One thing I kind of dug about this movie is that it kind of makes you forget there were so many straight-to-video sequels for this franchise. Of course to discuss this movie in terms of comparisons, it is best to first strike the straight-to-videos from your mental filmography. Then you have to dance slightly around the continuity of American Wedding. It is relevant in the timeline because, obviously, Jim and Michelle get married. But other things about AW are glossed over or ignored in this movie, such as the change in the perception of Stifler I mentioned earlier, the fact that Oz wasn't in it (that's more of a casting thing, really) and Michelle's sister. But in glossing/ignoring, the writers, directors and actors are committing to the reunion atmosphere, which I appreciate.
Some quick gripes:
- This happens with a lot of movies and TV shows because it helps extend conflict needed to make stories seem interesting. But most of the story arcs could have been easily solved with conversation: if Kevin talks to Vicky when he first wakes up next to her, if Finch just trusts his friends, if Jim talks to his dad about his marital problems, if Jim just says to Michelle and Selena "I don't have any pants on" when he wakes up half-naked on the kitchen floor and they walk in (but then there wouldn't have been any screen time for co-star Jason Biggs' Penis). So on and so forth.
- This is only a half-gripe because it didn't bother me too much, but just about everything in this film is telegraphed. We know that Jim isn't going to cheat on Michelle with Kara. We know that Stifler is going to somehow get revenge on Finch (he has sex with his mom). We know Oz and Heather are going to get back together and that Kevin and Vicky won't. We know that Stifler is going to take Heather's boyfriend out to live up to his "our dick" status. But who cares? We're only watching this movie because we care at this point. We want to see what we feel is best for these characters. And, for the most part, all of the characters are at peace by the end.

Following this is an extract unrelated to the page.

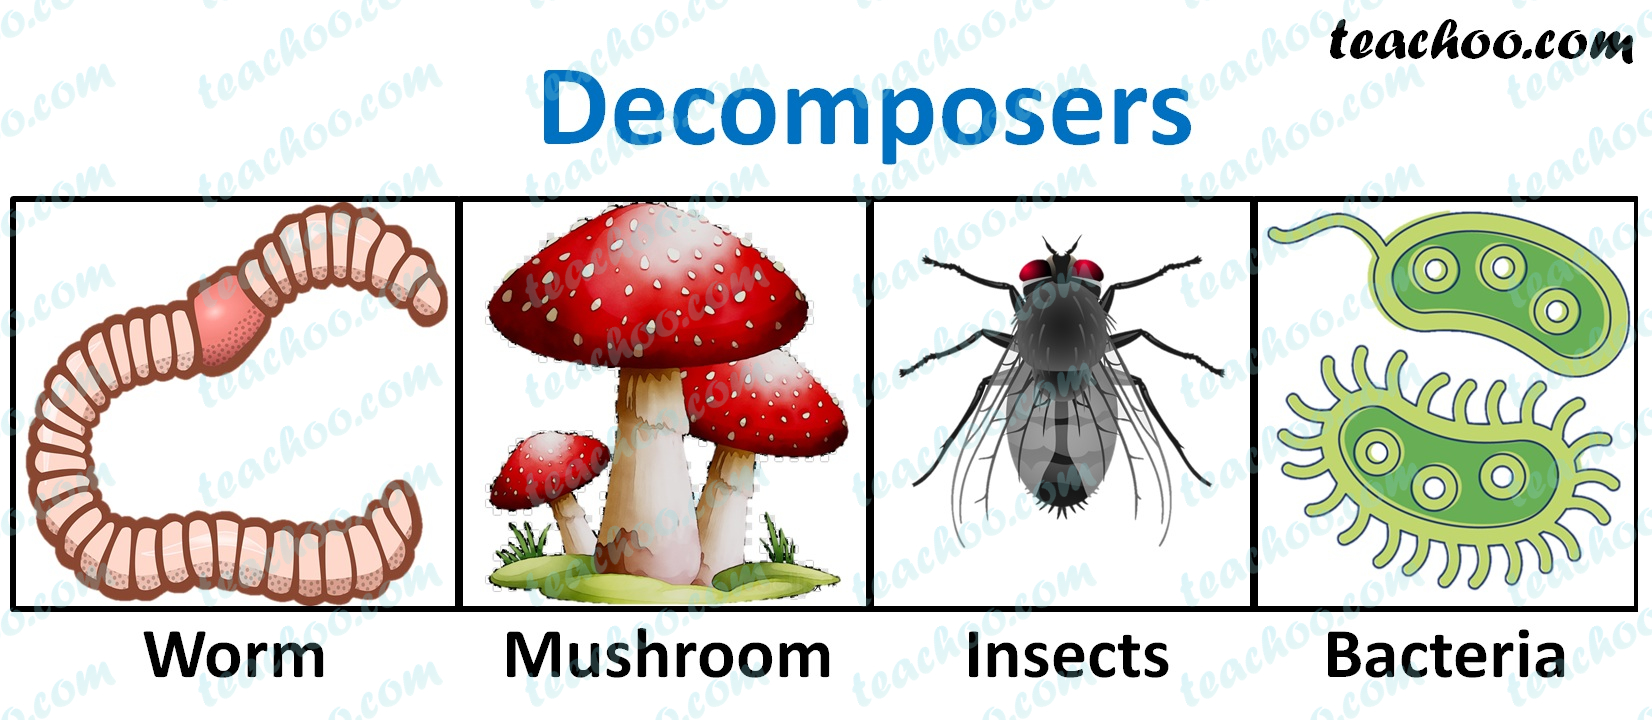 decomposers---teachoo.jpg

Finally, there were a few extra parts in the movie that I either appreciated or that made me laugh (some were meant to be humorous; some were just things I noticed):
- I liked that the basic thread that kept all of their stories relevant was that none of them were exactly where they wanted to be in life, a feeling reunions can bring out in people (or at least that's what TV and movies tell me, as I have yet to go to any myself).
- When a movie juggles so many characters like American Reunion does, there are going to be crutches. One of the funniest ones to me is that Vicky has been in New York for 10 years. It's pretty funny that we don't know anything else about what she is doing, like her job or whether she is in a relationship. Instead, by saying she's in New York, we just assume she has a fulfilled, successful life.
- The only guy who wasn't in the American Wedding movie was Oz (here's a pretty cool interview with Chris Klein about that, by the way). And they try to slide past that fact with a quick line from him saying, "I missed your wedding, but I'd never miss this." It's a tacky, thrown-in line that didn't bother me at first. Then I looked at it again and it made me laugh at the fact that it looks like Oz cares less about his friend's wedding and more about his 13-year reunion.
- And, oh yeah, it's their 13-year reunion.